(Task instructions) Each line of the listing must be transcribed exactly, except for the images, which should be excluded.

(Recorded data)

━━━━

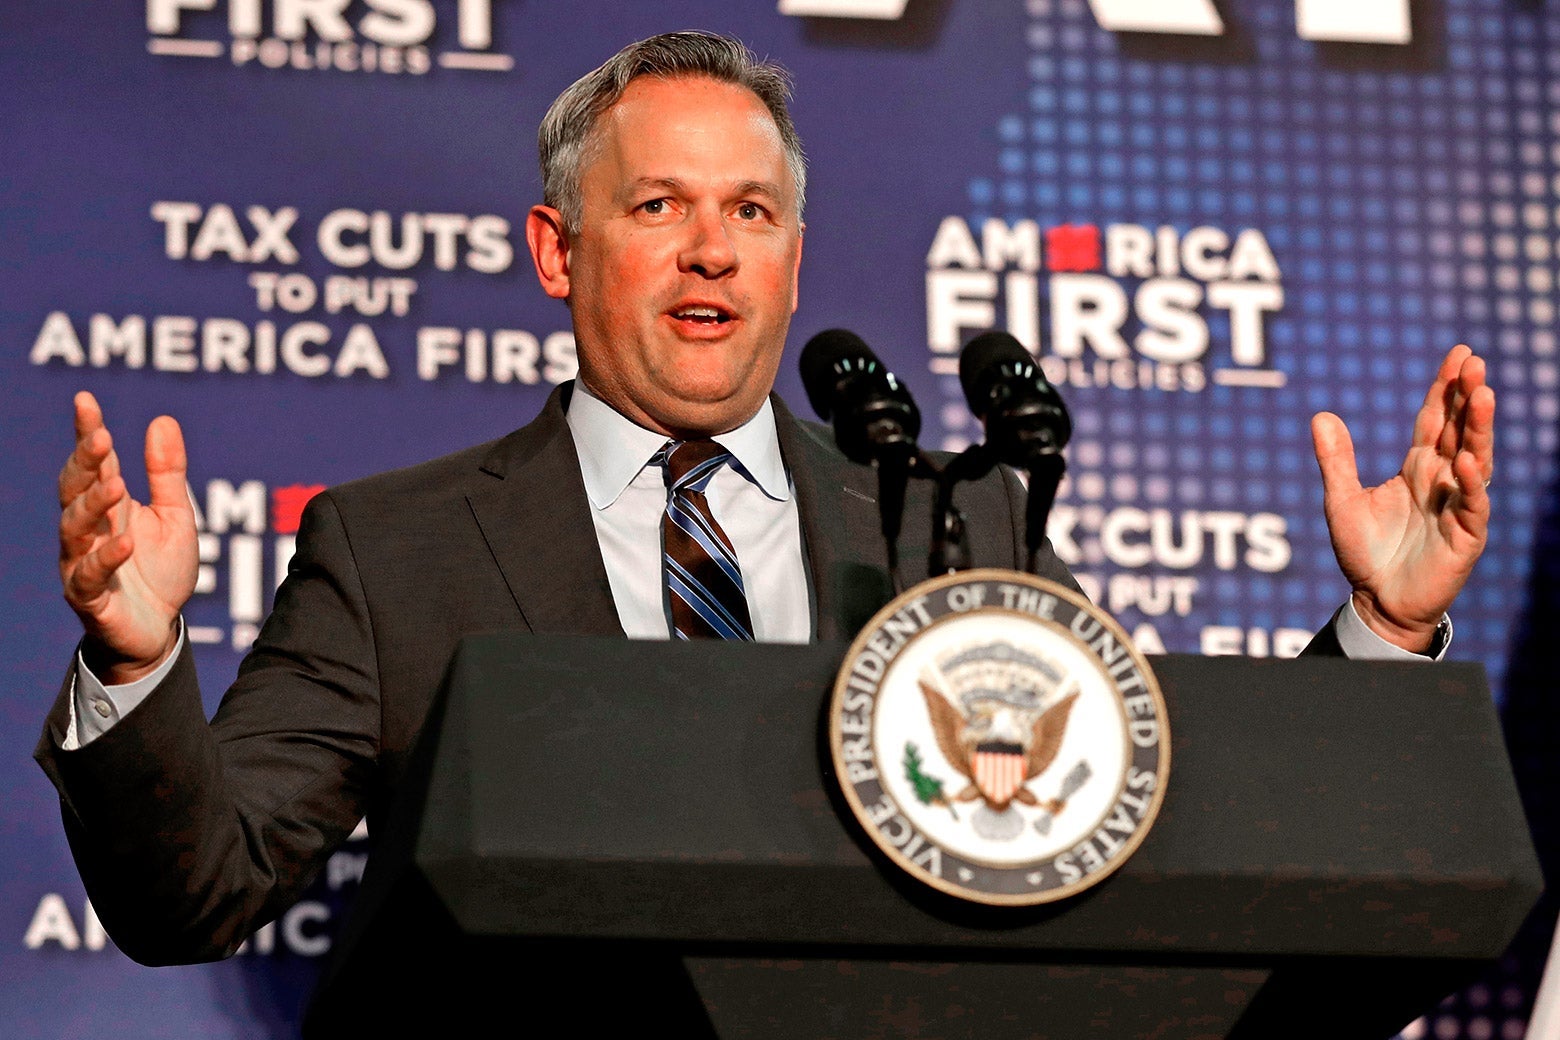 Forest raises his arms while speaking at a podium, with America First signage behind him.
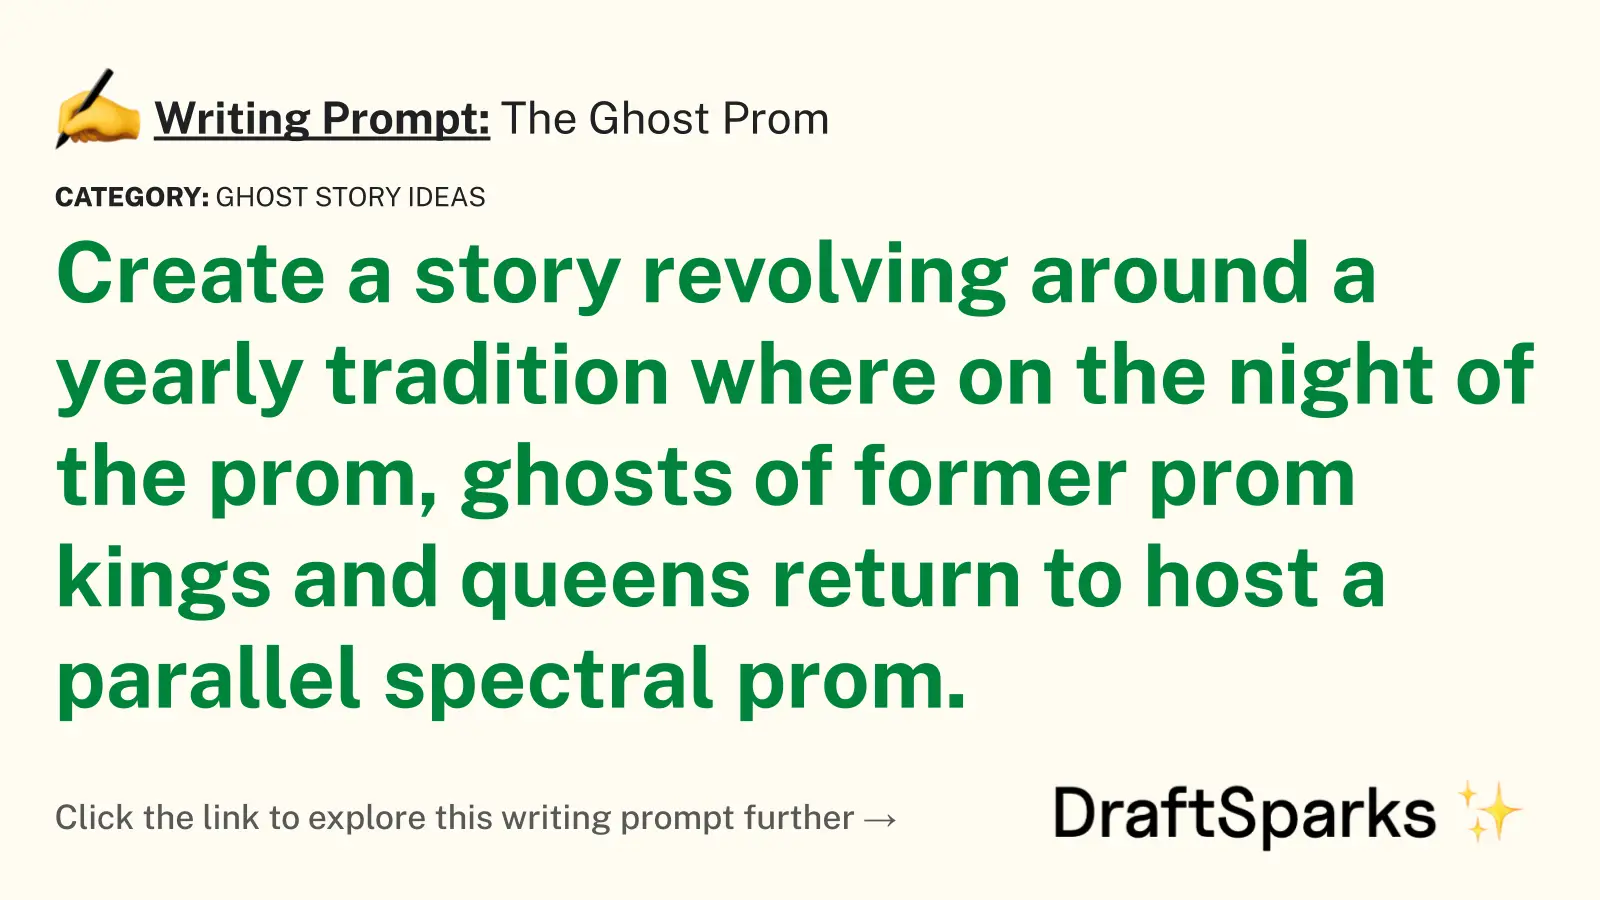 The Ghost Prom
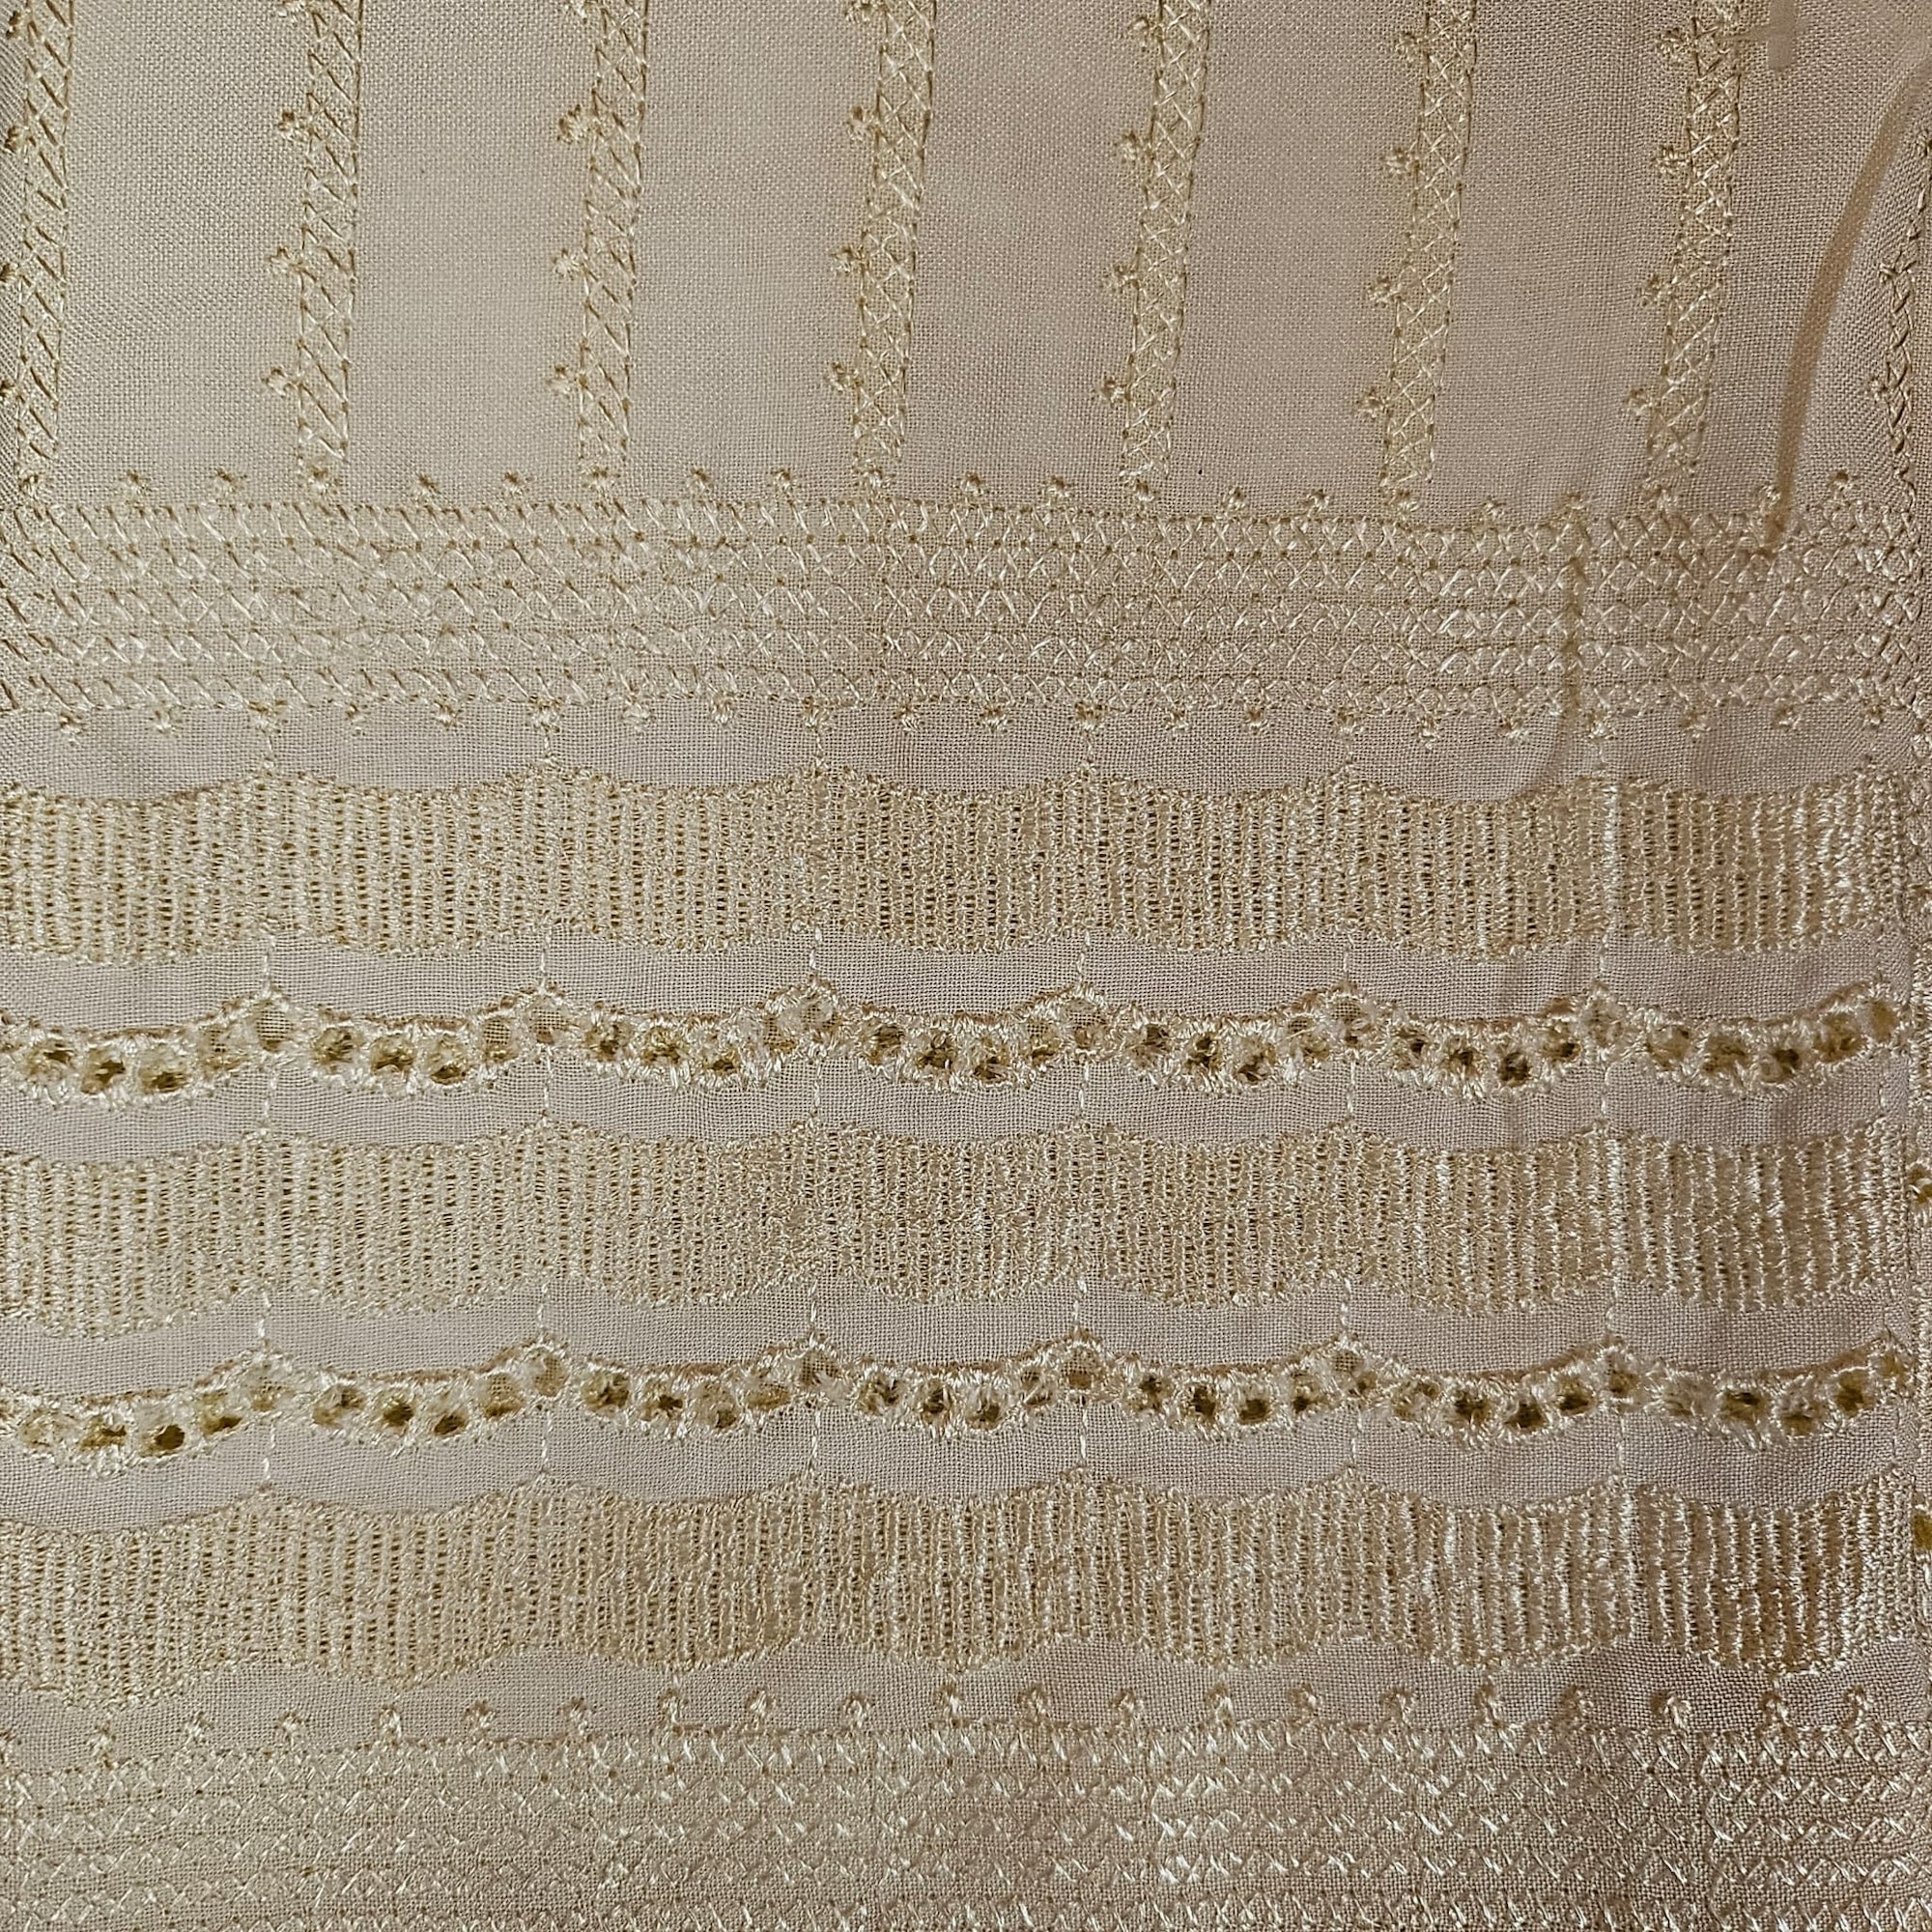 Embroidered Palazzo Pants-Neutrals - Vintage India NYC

━━━━

(Answer space)
 Forest raises his arms while speaking at a podium, with America First signage behind him.
 The Ghost Prom
 Embroidered Palazzo Pants-Neutrals - Vintage India NYC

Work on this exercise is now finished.